Data provided:
☆ ☆ ☆ ☆

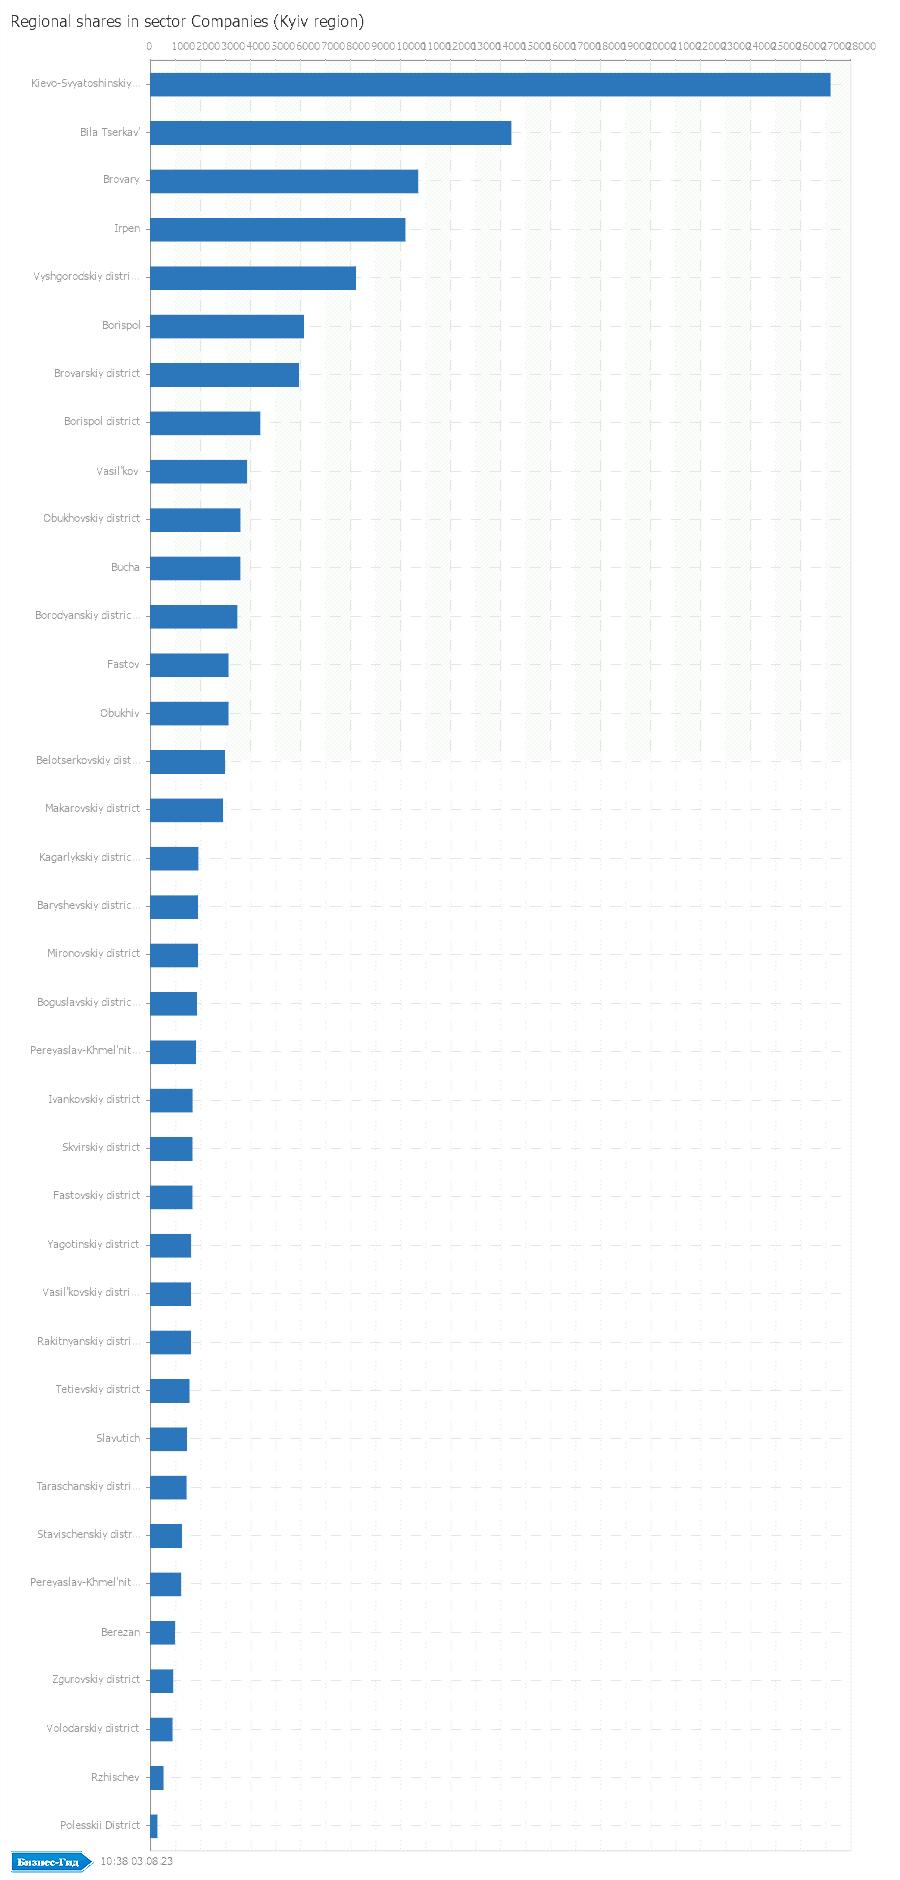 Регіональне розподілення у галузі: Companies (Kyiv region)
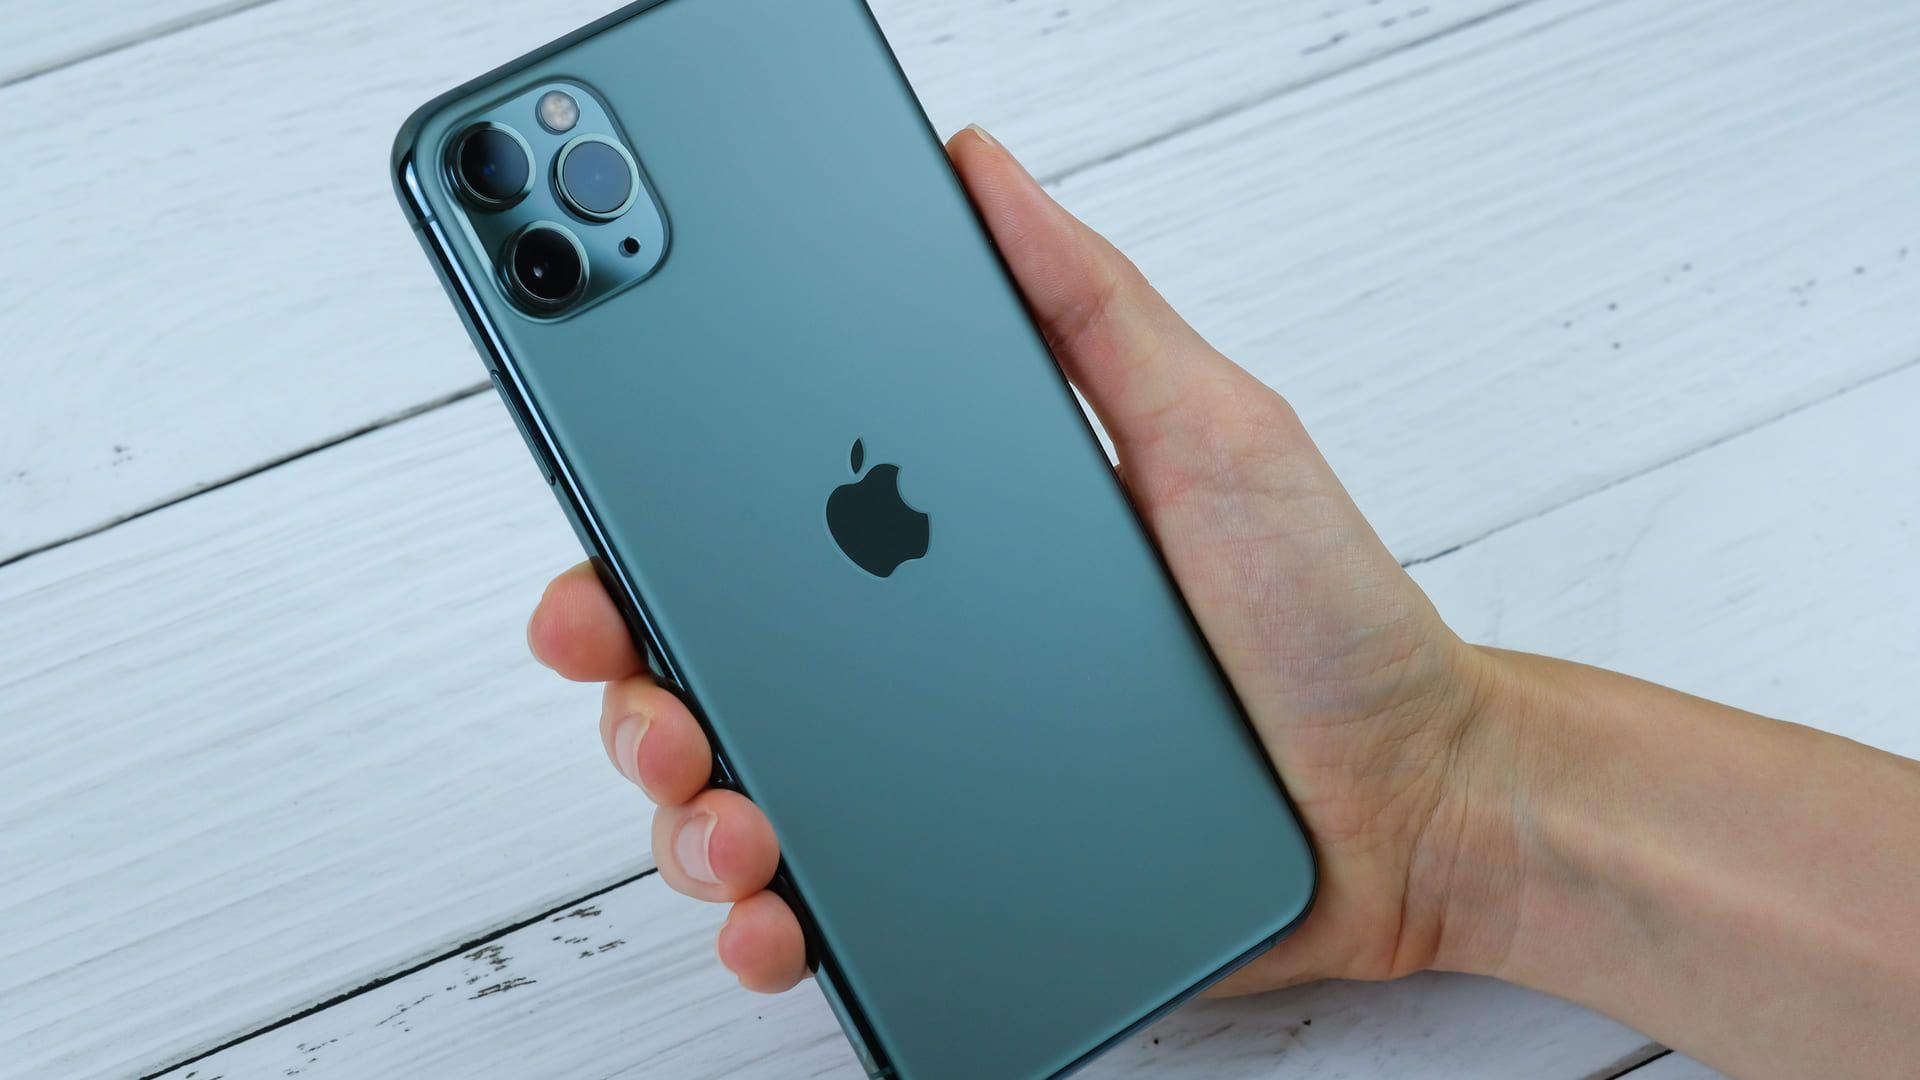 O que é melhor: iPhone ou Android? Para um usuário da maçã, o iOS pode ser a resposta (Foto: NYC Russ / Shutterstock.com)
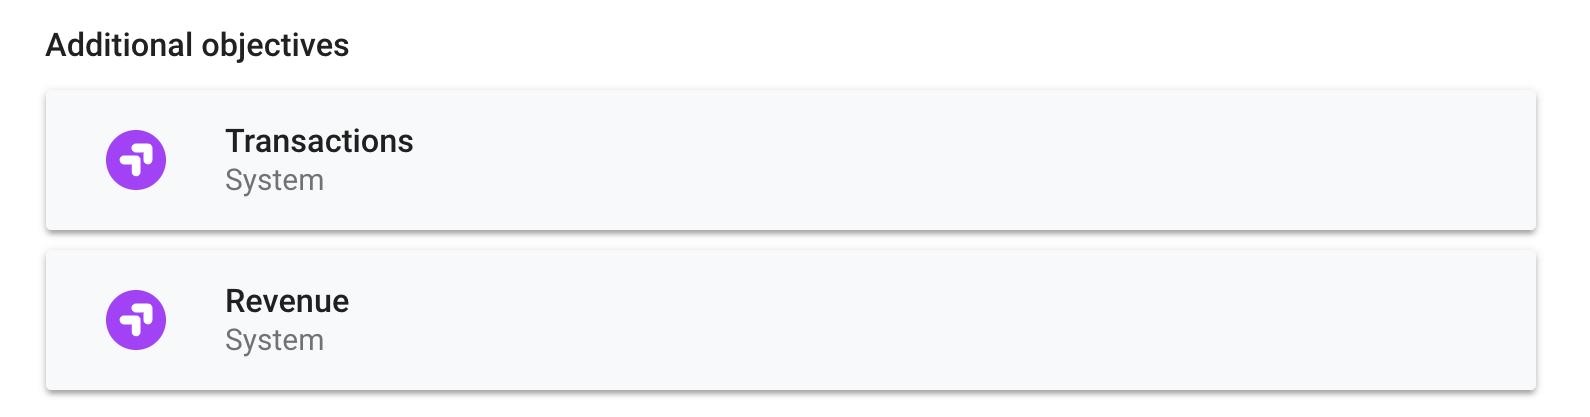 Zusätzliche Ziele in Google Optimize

☆ ☆ ☆ ☆

Task statement: Working from the material above, transcribe it exactly while omitting pictures.

Reply to the exercise:
 Регіональне розподілення у галузі: Companies (Kyiv region)
 O que é melhor: iPhone ou Android? Para um usuário da maçã, o iOS pode ser a resposta (Foto: NYC Russ / Shutterstock.com)
 Zusätzliche Ziele in Google Optimize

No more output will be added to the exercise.